4.3. Lack of global fit for RFs growth
Our final model closely fits the initial segment of the observed ThT traces representing off-pathway aggregation utilizing a global set of parameters along the off-pathway (α, α1, β). However, fitting the segment of ThT traces representing RFs growth at different initial monomer concentrations below and above the COC requires changing the primary and secondary nucleation rate constants (Figure 5). Interestingly, this apparent limitation is not restricted to our model. The model by Knowles and collaborators6;13;15 and Eden et al.47 also require similar changes in the primary and secondary nucleation rate constants. Although both these models do not incorporate the off-pathway aggregates, fitting the models globally to ThT traces representing the RFs growth only below the COC (where the contribution due to gOs is negligible) is not possible (see sections “Fits with the model by Knowles and collaborators” and “Fits with Eden et al. model” in Supplementary Information Text). Using a different version of the model by Knowles and collaborators 6 with primary nucleus size as a fitting parameter improves the global fit to the data (“Fits with the model by Knowles and collaborators” in Supplementary Information Text). However, there are still discrepancies between the model and the experimental results. Three different models behaving in the same manner most likely indicates more complex dynamics of fibril assembly rather than all models being fundamentally wrong. In the case of HewL, the rate of decrease in the primary and secondary nucleation rates appear to roughly compliment each other with the greatest drop in k2 occurring between 7 and 140uM when the change in a1 is smallest and vice versa above 140 μM (Figure 5H and I). As shown in the Supplementary Information Text, these large variations in the two nucleation rate constants make a global fit impossible, even if a few data sets are considered.
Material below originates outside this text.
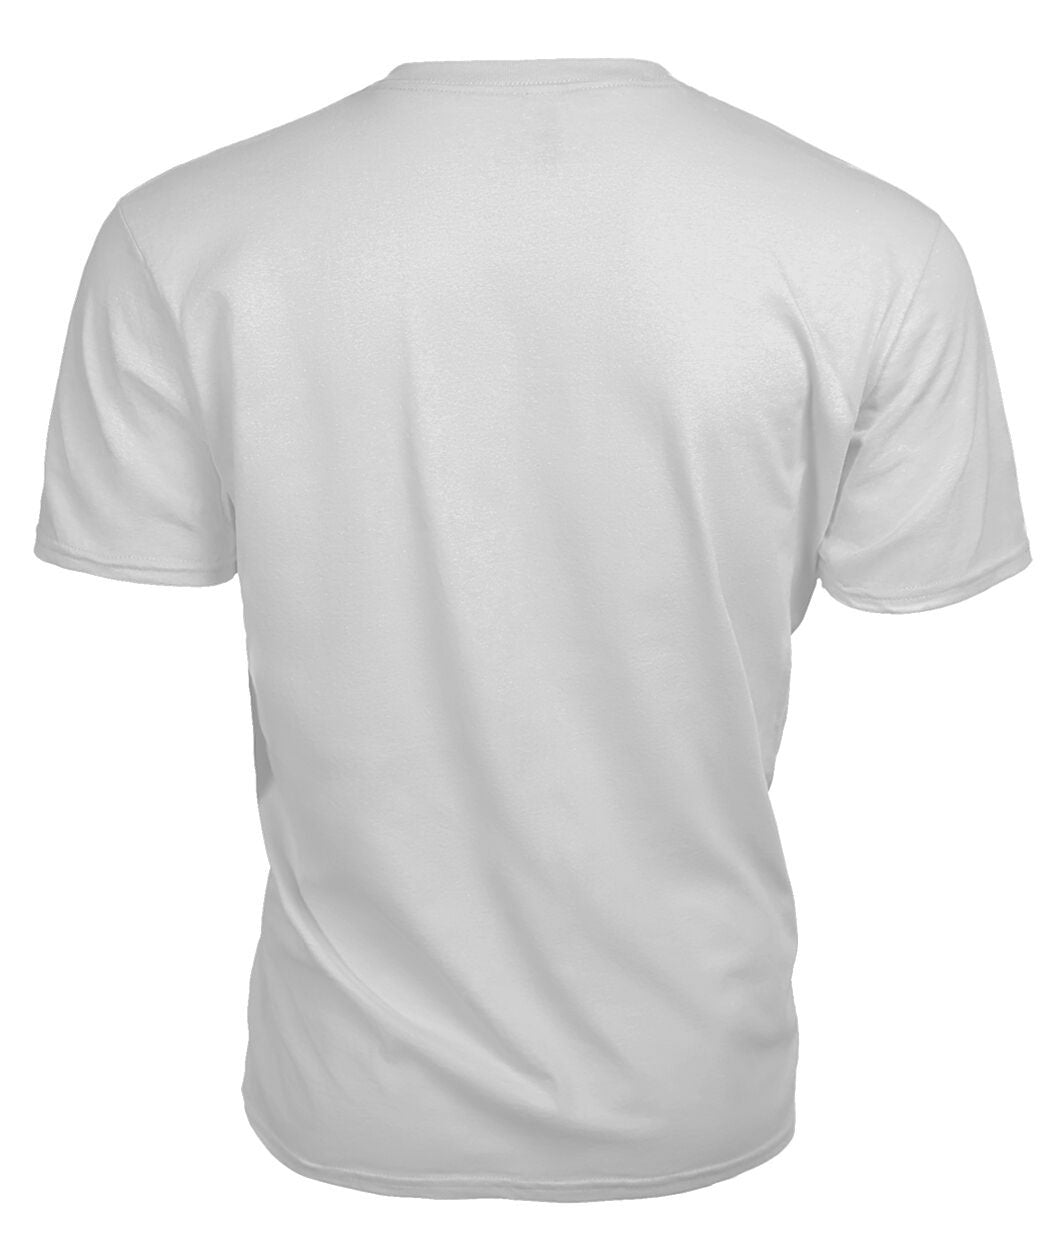 Dalziel Modern Tartan Crest 2D T-shirt - Blood Runs Through My Veins Style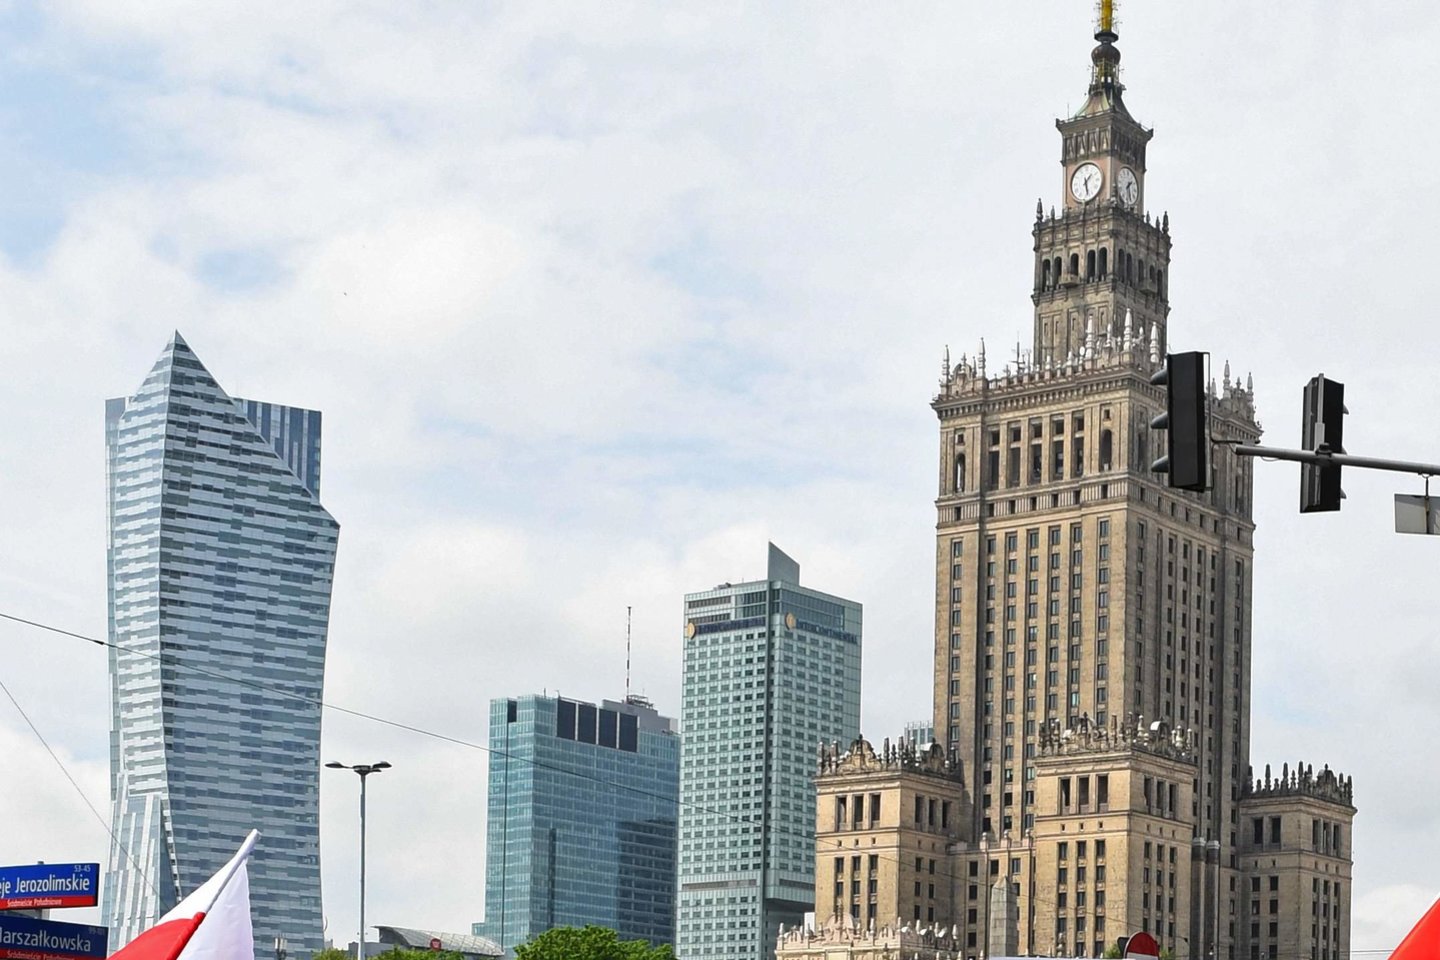  Savaitgalis Varšuvoje lietuviams – populiarus pasirinkimas. <br> AFP/Scanpix nuotr.

4.4. Inhibitory effect of gOs on RFs formation
To better understand the relationship between the changes in both nucleation rate constants and fibril assembly, we next analyze the lag period of RFs formation. We fit the model to ThT traces obtained at different initial monomer concentrations, and define the lag period as the time it takes for the mass concentration of RFs ([F(1)] in the model) to increase by more than 5% of its peak value at the end of simulations. To estimate the lag period of RFs in the experimental traces above the COC where gOs and RFs growth are indistinguishable, we first separated the portion of ThT traces representing RFs using a previously developed method40 and then use the same criterion as used for simulated RFs. The results are summarized in Figure 5G where the lag period of RFs is shown as a function of initial HewL concentration. Below the COC (vertical dotted line), the lag period exhibits an exponential behavior with exponent −0.1718. The lag period continues to decrease over a narrow range above the COC but as HewL concentration increases further, it begins to rise. Interestingly, the rise in the lag period occurs concurrently with a drop in the primary nucleation rate constant. This phenomenon indicates that the model predicts some sort of inhibition of RFs nucleation by gOs. We term it inhibition because if the role of the off-pathway was just to rapidly deplete the monomer concentration (for initial monomer concentration larger than the COC) down to their value at the COC, the lag period would have plateaued above COC at best, which is clearly not the case.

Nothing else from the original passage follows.